Not really a WSL issue, since the behavior is the same on a pure Linux installation. The installer script is designed to be executed rather than sourced:

chmod +x WolframEngine_12.3.1_LINUX.sh
sudo ./WolframEngine_12.3.1_LINUX.sh

You'll need sudo (per the installer message if you attempt to run it as a normal user).

Explanation:

The script contains two parts:

  • The first part is a script
  • The second part is the tarball including the binaries for the installation

The script at the beginning reads itself, extracts, and then executes the binary installer.

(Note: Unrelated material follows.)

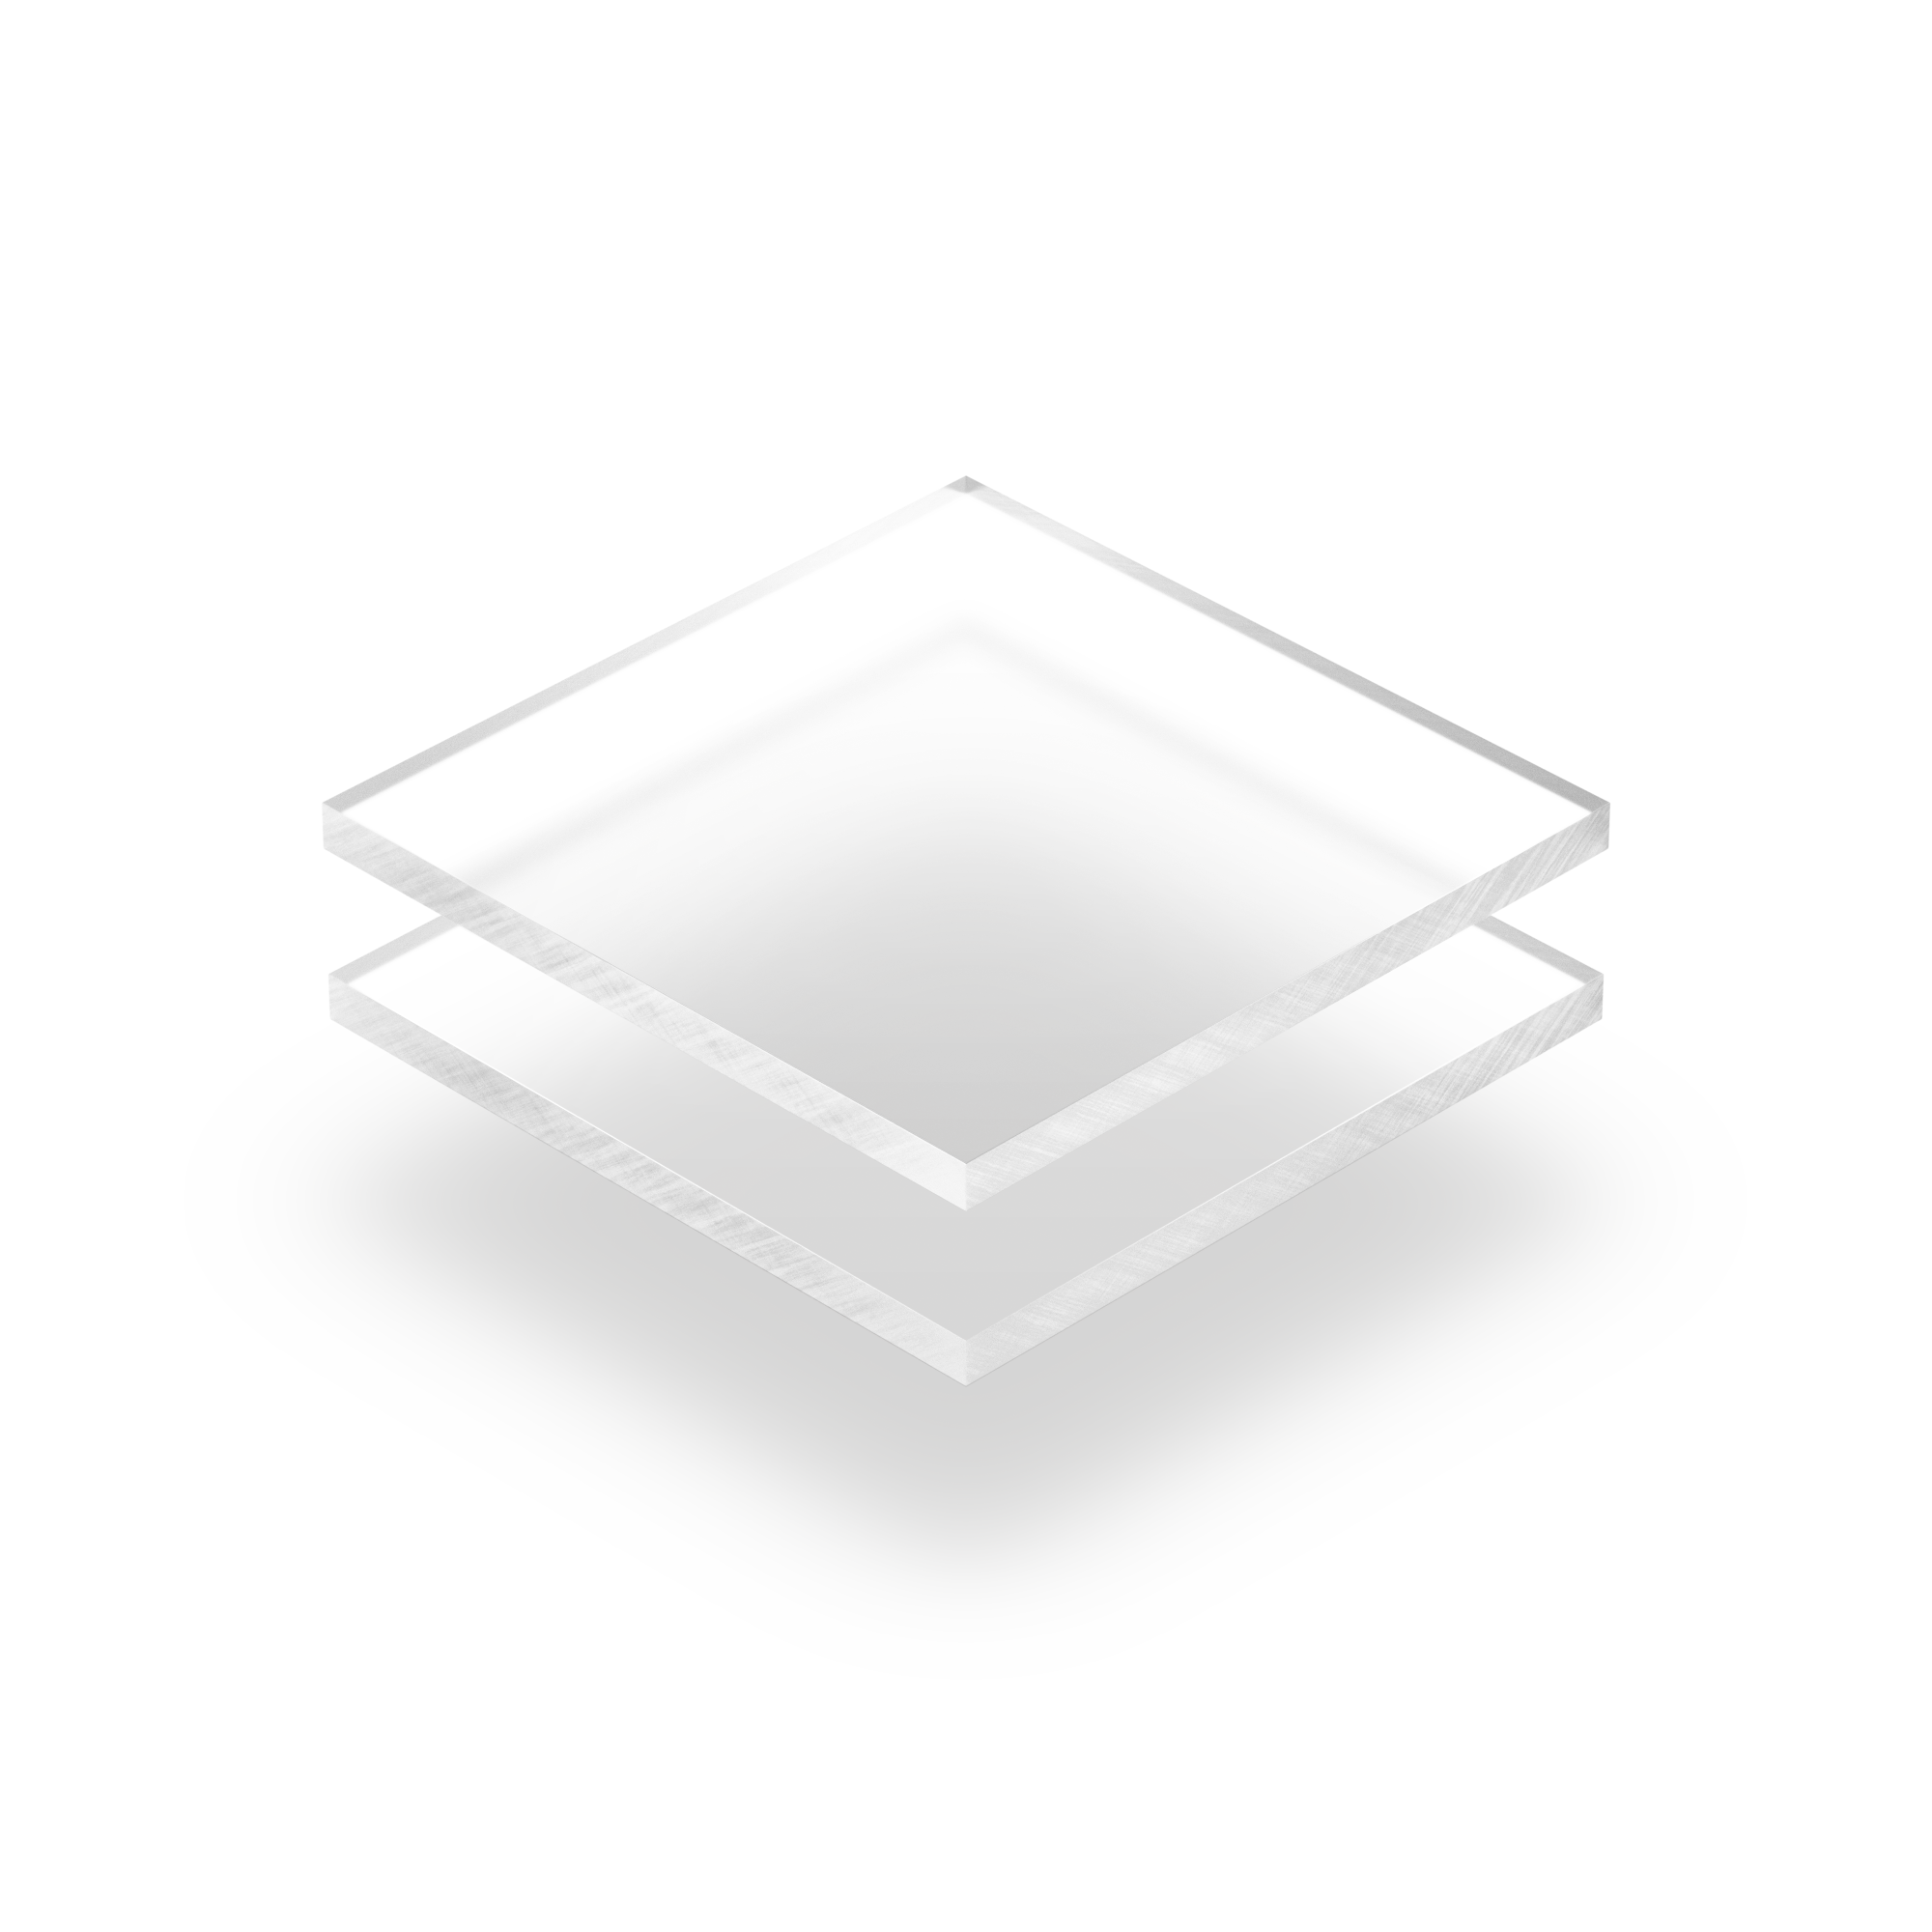 https://plaqueplastique.be/wp-content/uploads/2015/04/Plaque-Plexiglass-givre-transparent.png

To see why this doesn't work when sourced, you can reproduce this scenario by creating your own script with both text and binary:

Create a file dont_source_me.sh with:

#!/usr/bin/bash
echo Hello
exit

Then:

> bash # start a subshell
> source dont_source_me.sh
Hello
# Note that the subshell has exited since sourcing causes all commands to be executed within the current shell
> cat /usr/bin/ls >> dont_source_me.sh
> source dont_source_me.sh
bash: .: dont_source_me.sh: cannot execute binary file
> chmod +x dont_source_me.sh
> ./dont_source_me.sh
Hello

Note that the shell did not exit when the script was executed this way (as it did when sourced). An executed script starts its own subshell. The exit command in this case simply caused the script to exit before getting to the binary payload.